*What is needed*.
Print exactly the line that contains "Scicon AeroComfort Triathlon", then every following line through the end of the material; include nothing else and no pictures.

*Data block*.
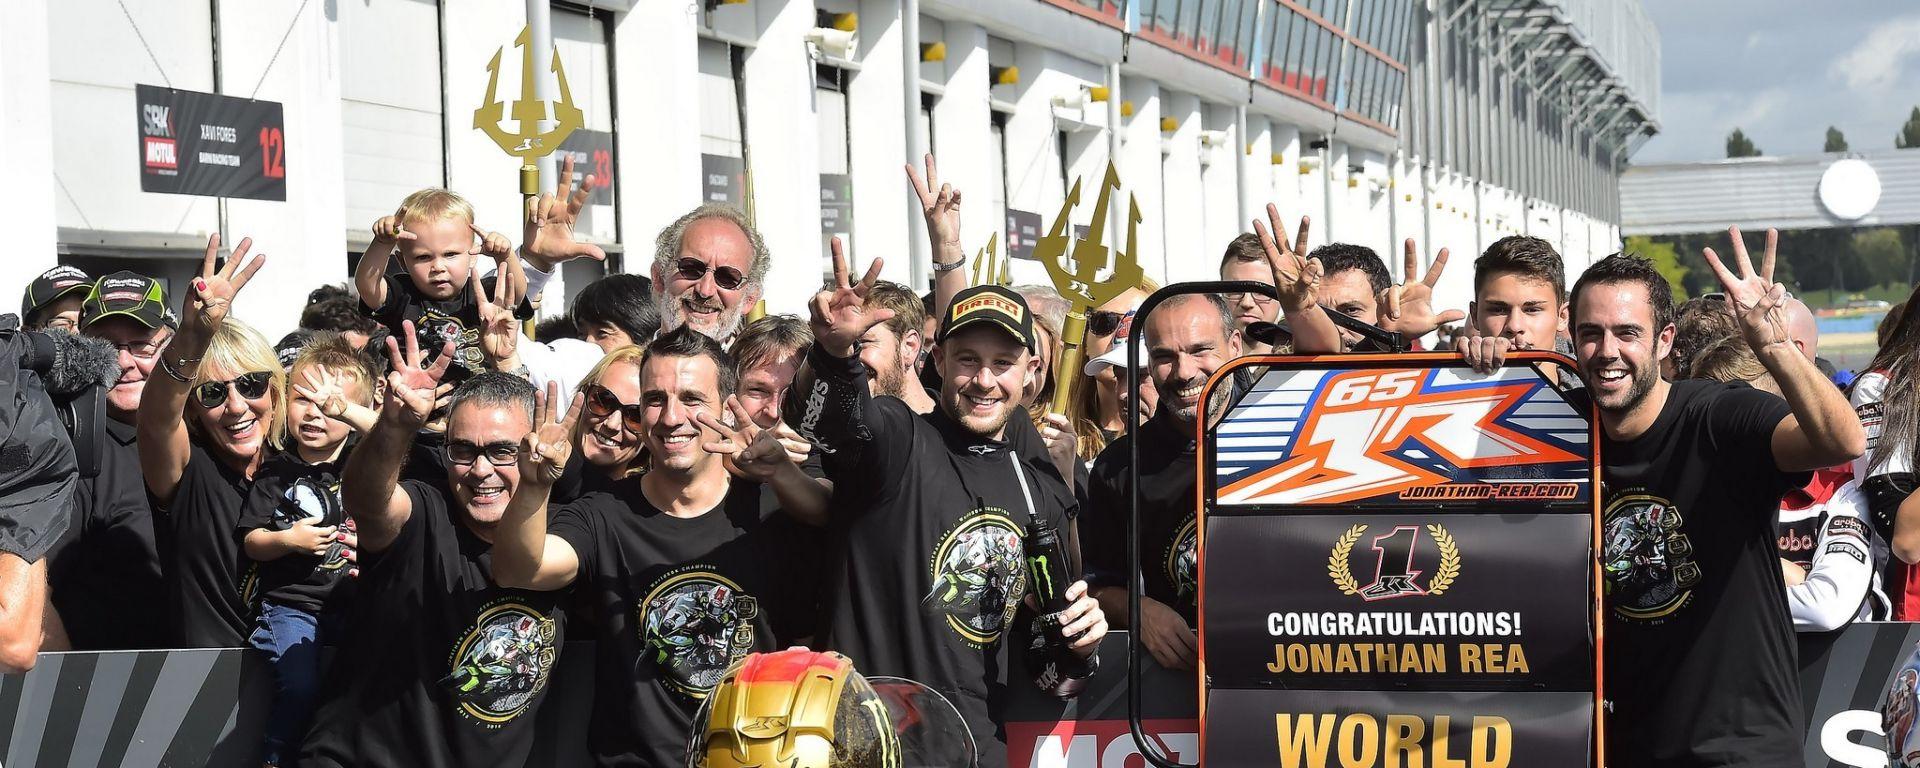 SBK 2017: Jonathan Rea per la terza volta Campione del Mondo!
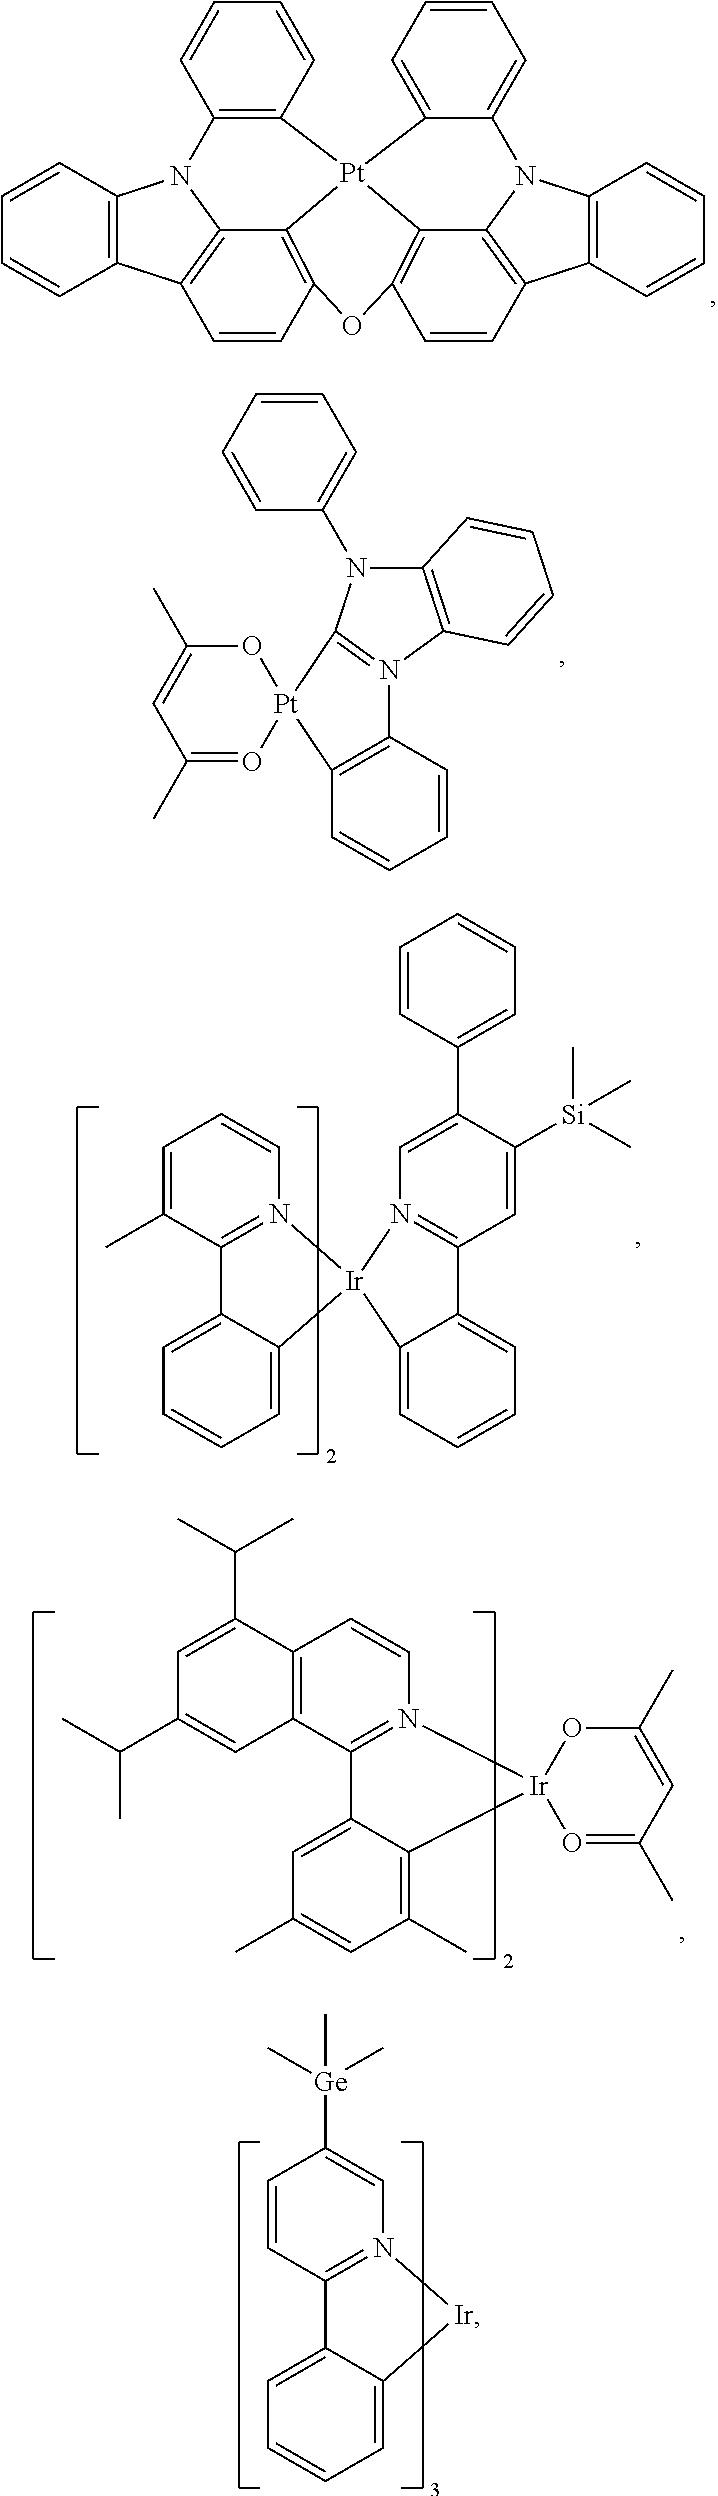 Figure US20180130962A1-20180510-C00184
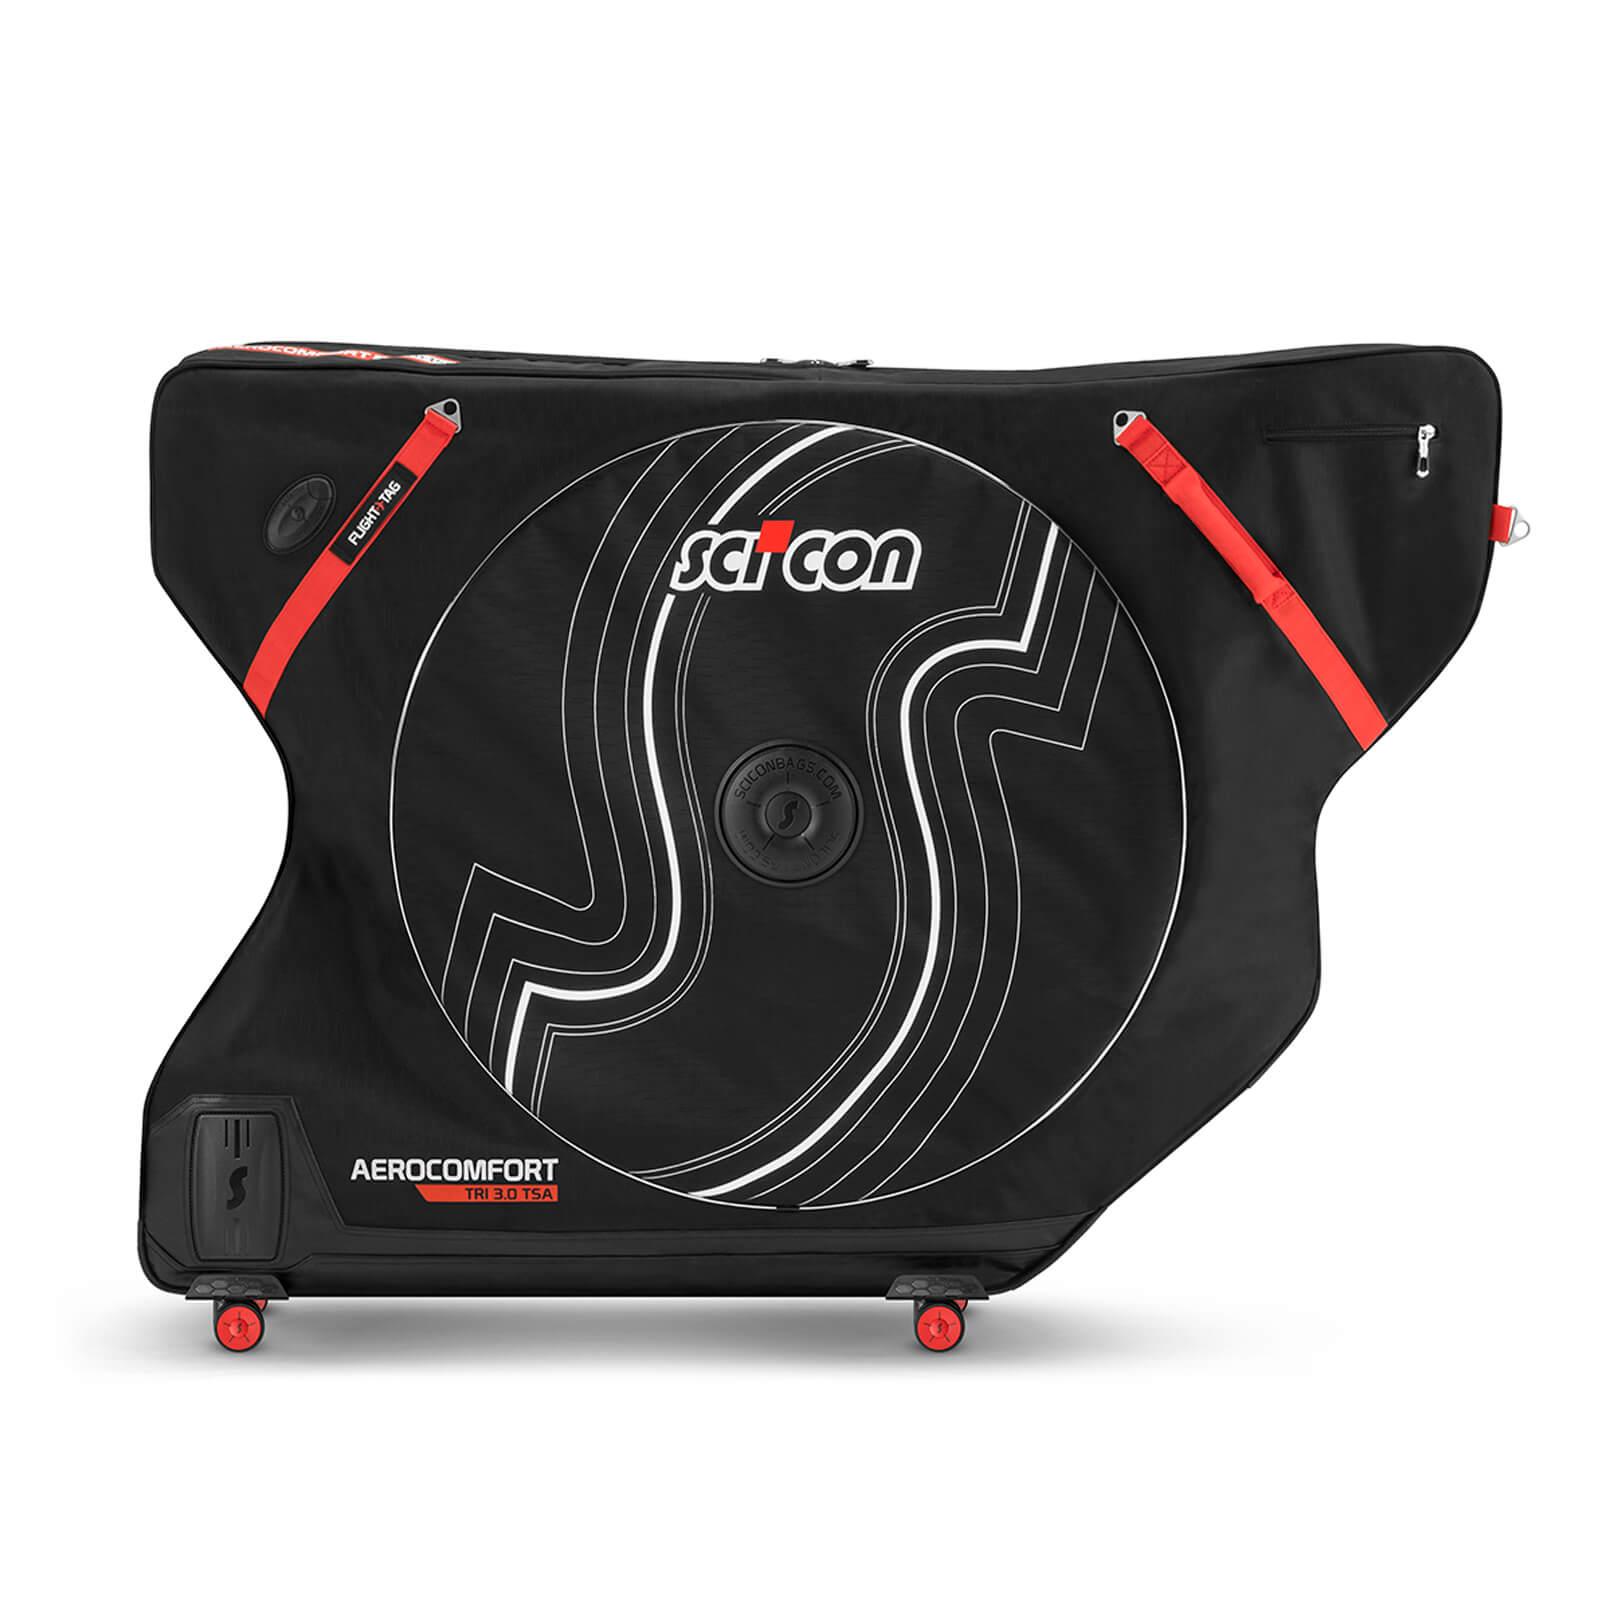 Scicon AeroComfort Triathlon 3.0 TSA Bike Bag;
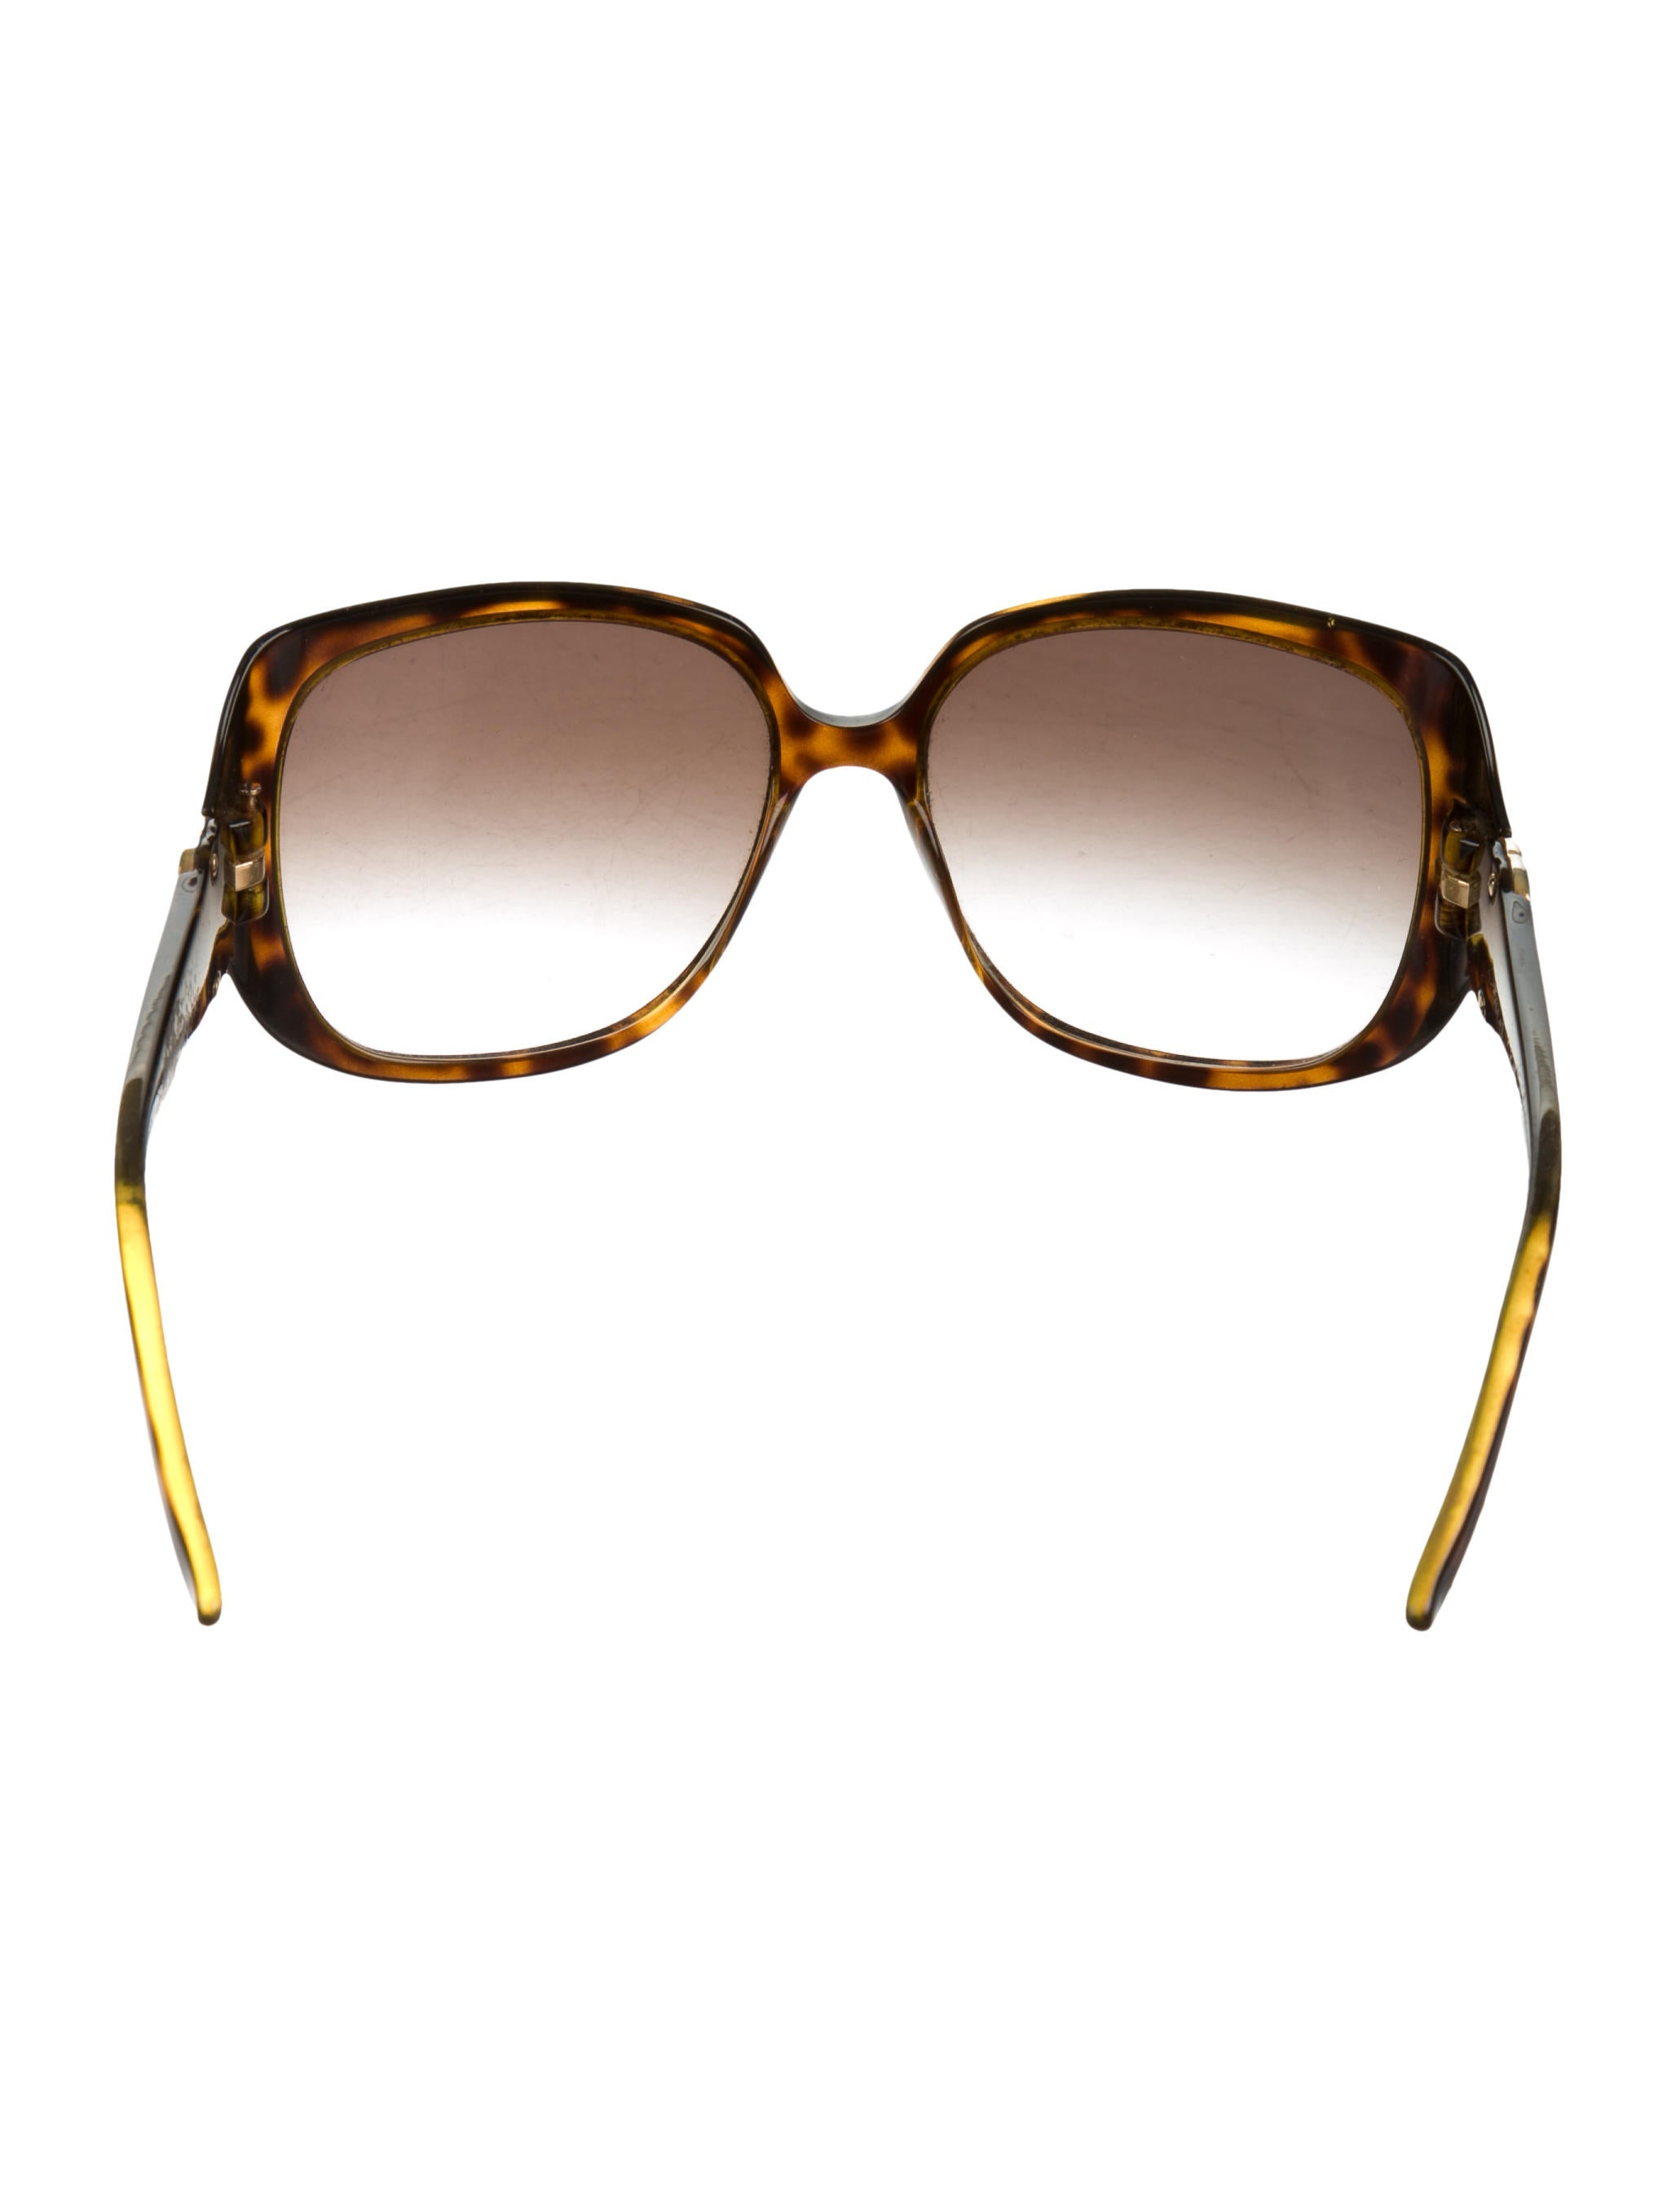 581348c1eb69 Gucci Sunglasses 3163 - Bitterroot Public Library

*Solved exercise*.
 Scicon AeroComfort Triathlon 3.0 TSA Bike Bag;
 581348c1eb69 Gucci Sunglasses 3163 - Bitterroot Public Library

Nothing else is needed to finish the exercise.